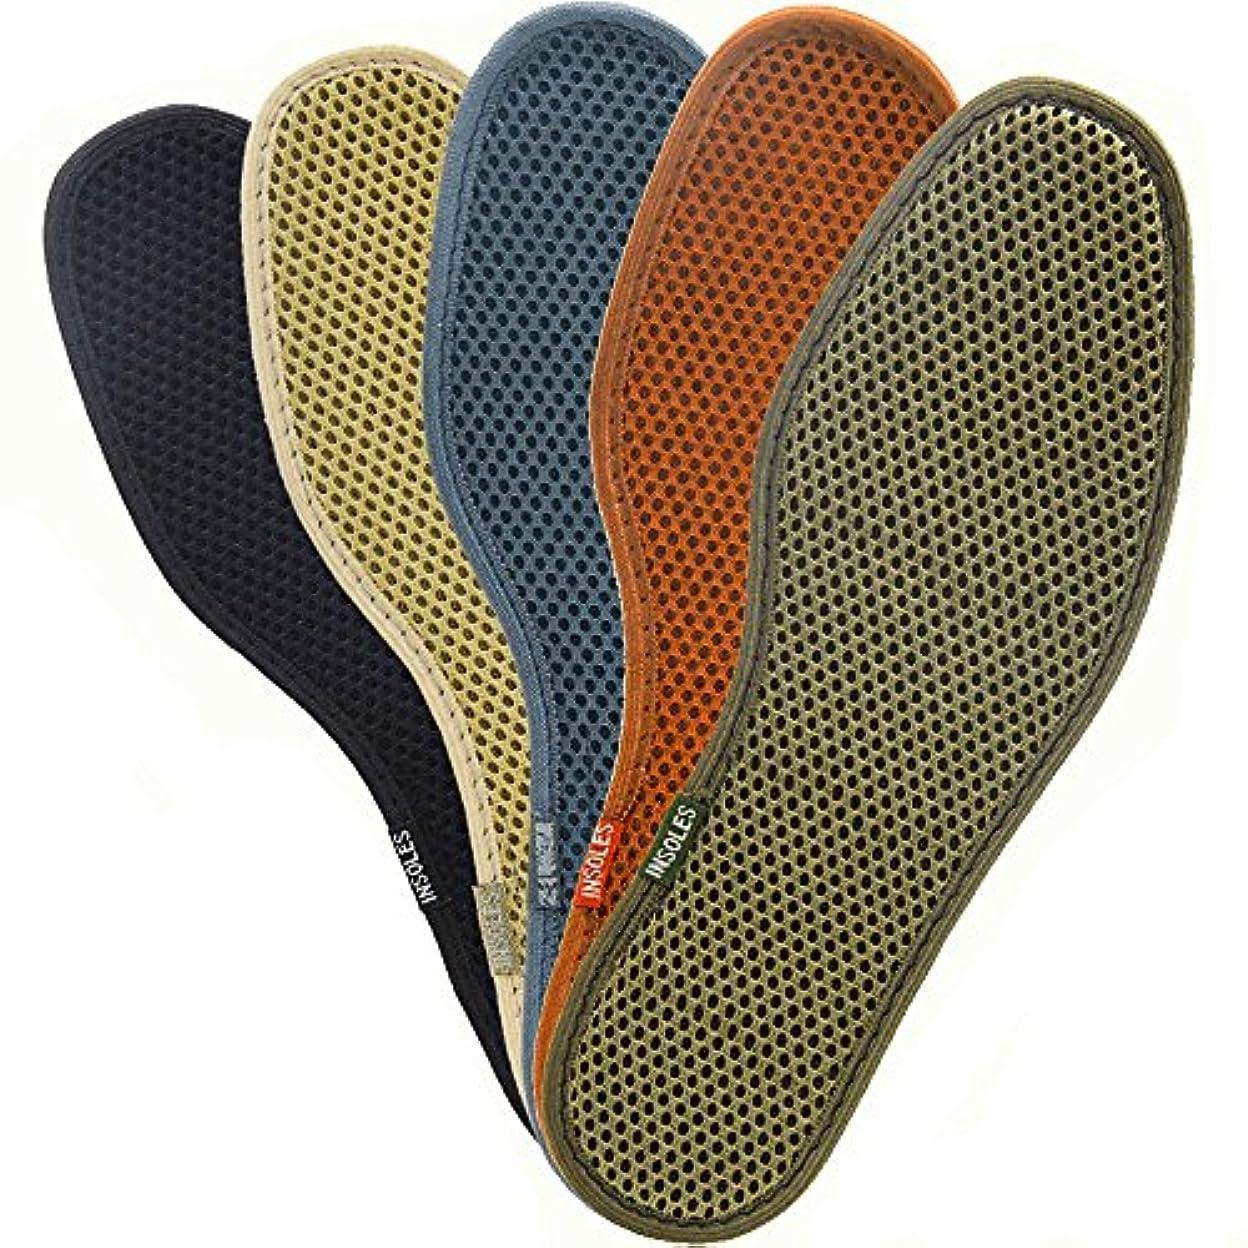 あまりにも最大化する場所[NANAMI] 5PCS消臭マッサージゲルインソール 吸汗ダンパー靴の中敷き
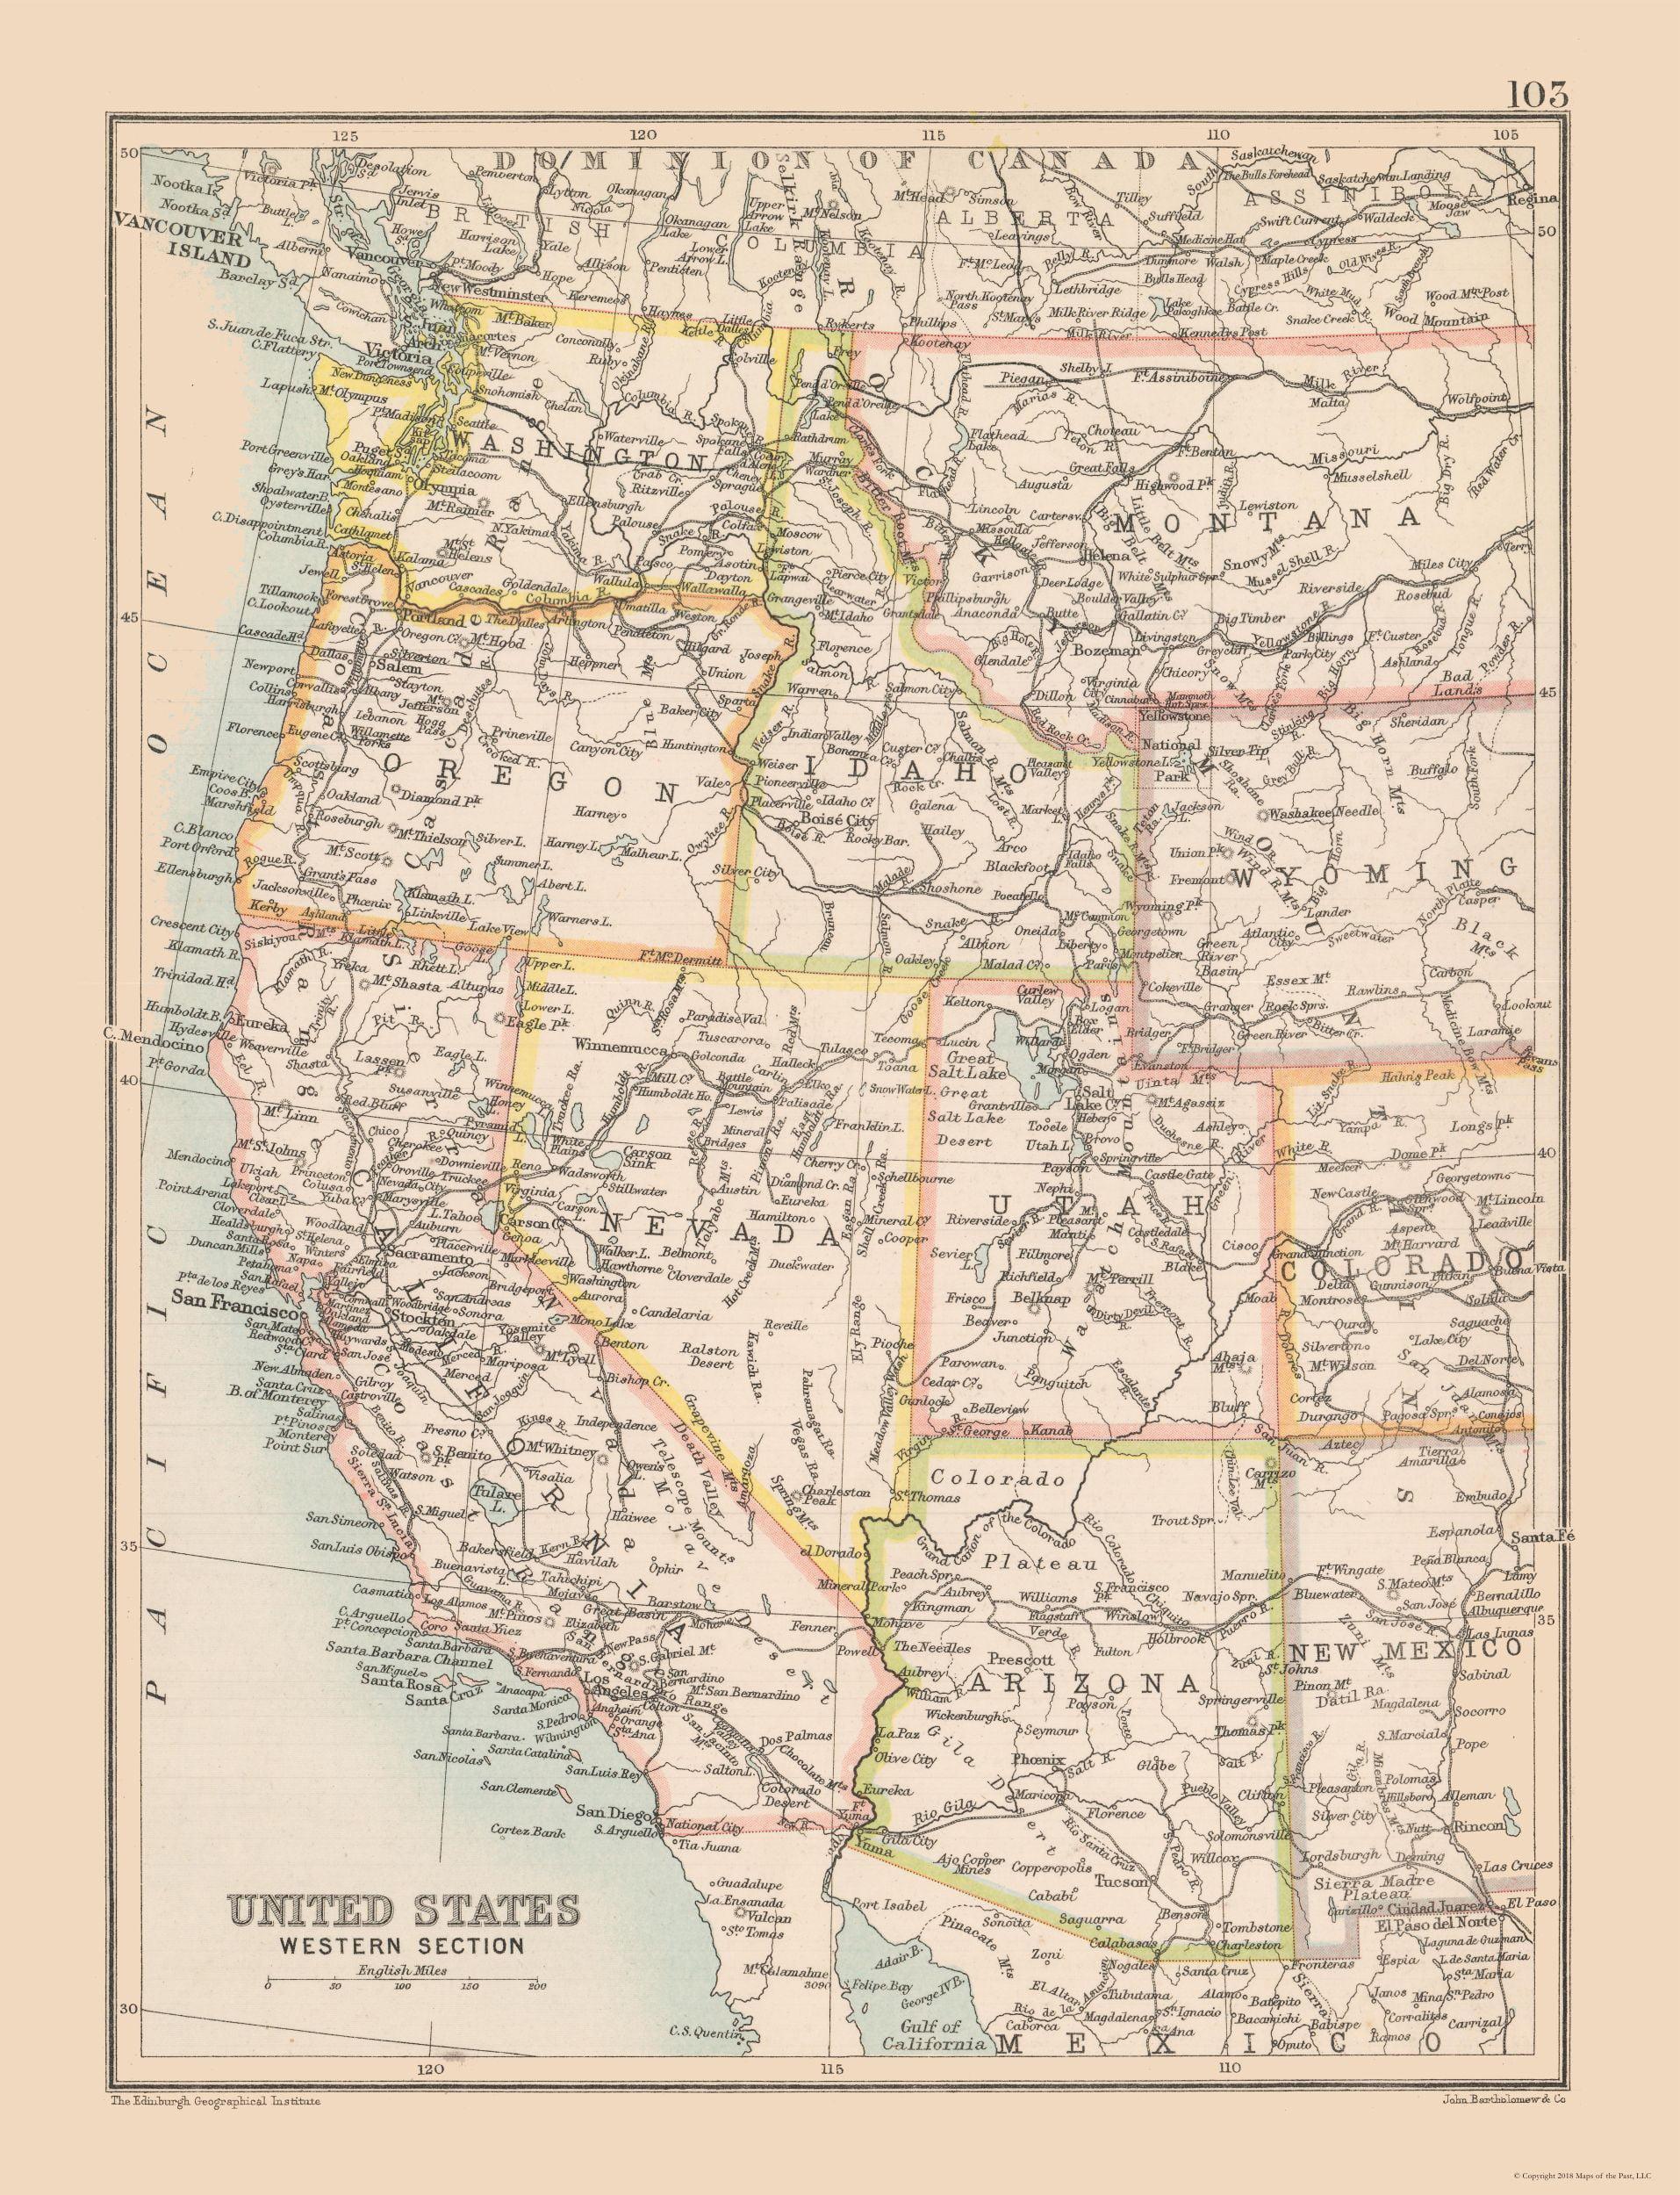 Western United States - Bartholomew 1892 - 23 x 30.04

...

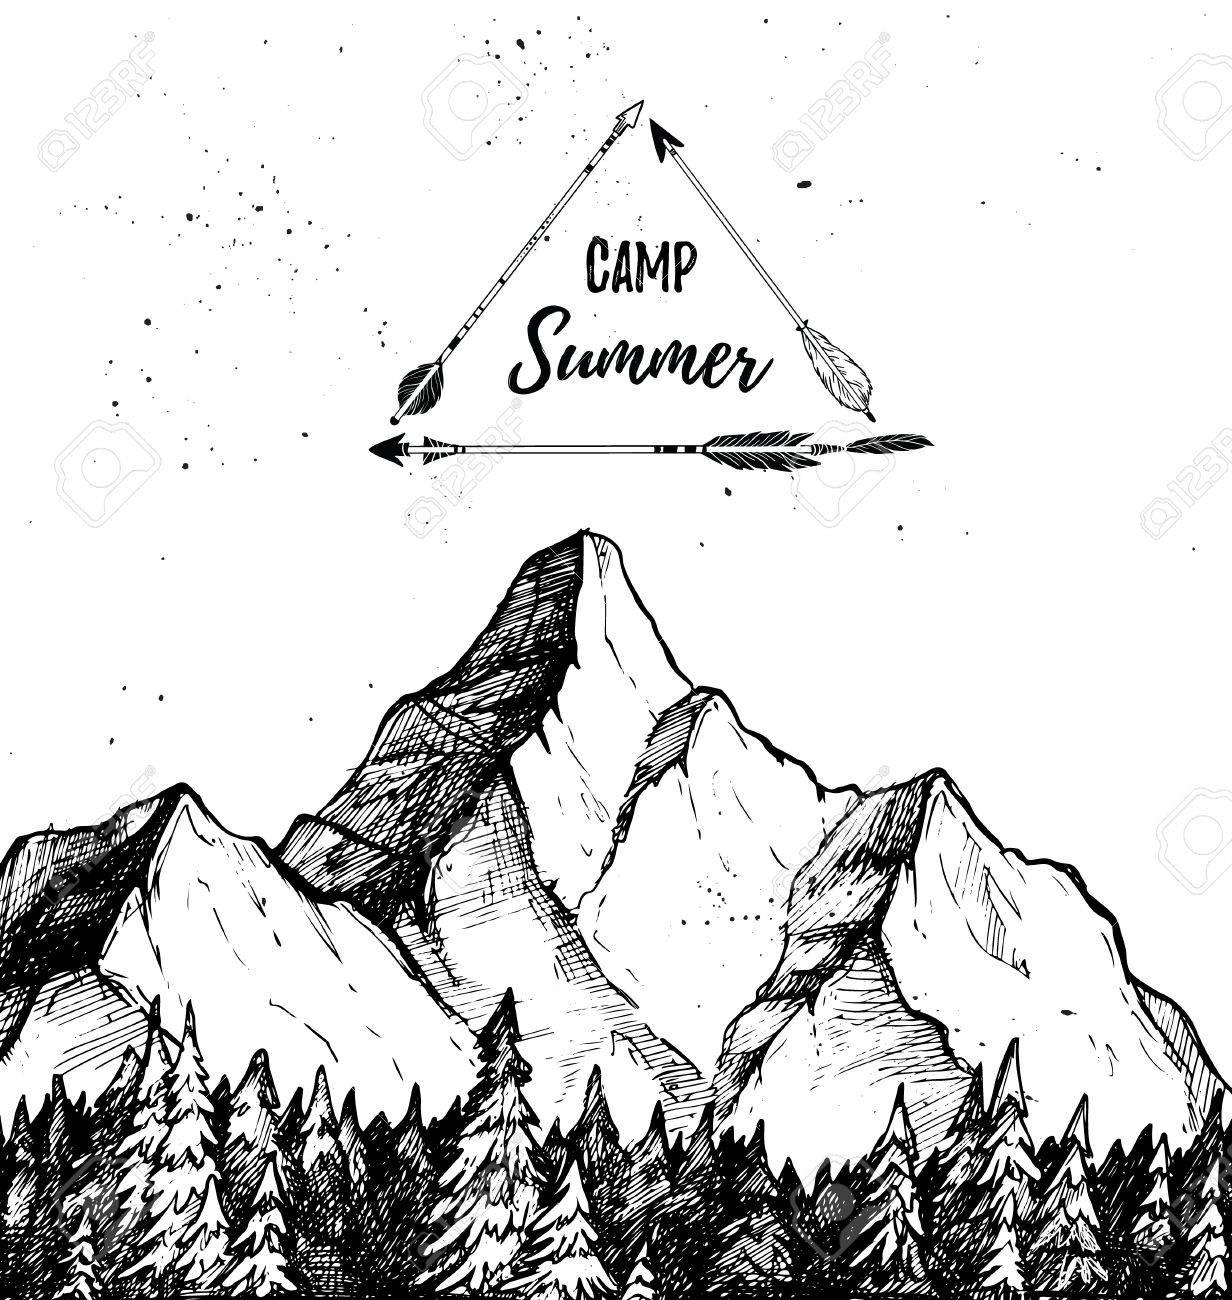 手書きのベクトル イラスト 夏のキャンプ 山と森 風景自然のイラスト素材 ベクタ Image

**EXERCISE OBJECTIVE:** All pictures are to be skipped. Output, word for word, the lines in the data above starting at the line containing "あまりにも最大化する場所[NANAMI] 5PCS消臭マッサージゲルインソール 吸汗ダンパー靴の中敷き" and ending at the line containing "Western United States".

**PROBLEM SOLUTION:**
 あまりにも最大化する場所[NANAMI] 5PCS消臭マッサージゲルインソール 吸汗ダンパー靴の中敷き
 Western United States - Bartholomew 1892 - 23 x 30.04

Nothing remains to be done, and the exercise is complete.